Mushers believe in “culling” or killing unwanted dogs, including puppies. Many dogs who are permanently disabled in the Iditarod, or who are unwanted for any reason, are killed with a shot to the head, dragged or clubbed to death. “On-going cruelty is the law of many dog lots. Dogs are clubbed with baseball bats and if they don’t pull are dragged to death in harnesses…..” wrote Alaskan Mike Cranford in an article for Alaska’s Bush Blade Newspaper (March, 2000).
Jon Saraceno wrote in his March 3, 2000 column in USA Today, “He [Colonel Tom Classen] confirmed dog beatings and far worse. Like starving dogs to maintain their most advantageous racing weight. Skinning them to make mittens. Or dragging them to their death.”
The Iditarod, with its history of abuse, could not be legally held in many states, because doing so would violate animal cruelty laws.
Iditarod administrators promote the race as a commemoration of sled dogs saving the children of Nome by bringing diphtheria serum from Anchorage in 1925. However, the co-founder of the Iditarod, Dorothy Page, said the race was not established to honor the sled drivers and dogs who carried the serum. In fact, 600 miles of this serum delivery was done by train and the other half was done by dogs running in relays, with no dog running over 100 miles. This isn’t anything like the Iditarod.
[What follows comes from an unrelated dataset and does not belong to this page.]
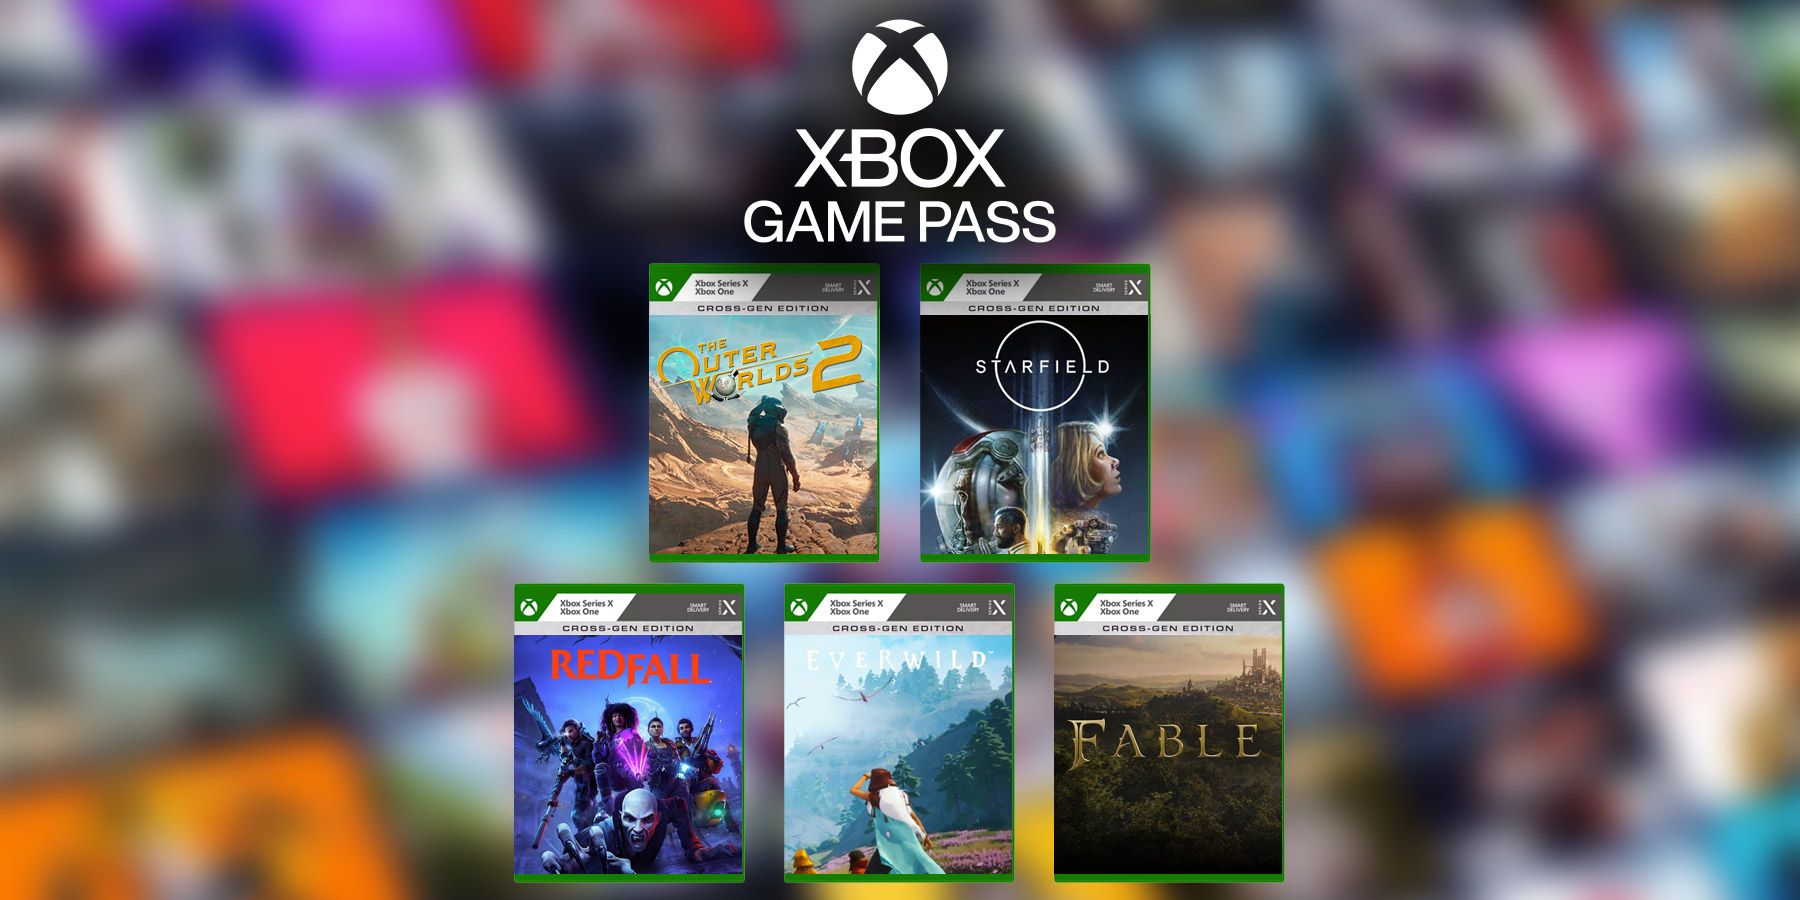 Microsoft increases Xbox Game Pass prices

The race has led to the proliferation of horrific dog kennels in which the dogs are treated very cruelly. Many kennels have over 100 dogs and some have as many as 200. It is standard for the dogs to spend their entire lives outside tethered to metal chains that can be as short as four feet long. In 1997 the United States Department of Agriculture determined that the tethering of dogs was inhumane and not in the animals’ best interests. The chaining of dogs as a primary means of enclosure is prohibited in all cases where federal law applies. A dog who is permanently tethered is forced to urinate and defecate where he sleeps, which conflicts with his natural instinct to eliminate away from his living area.
Iditarod dogs are prisoners of abuse.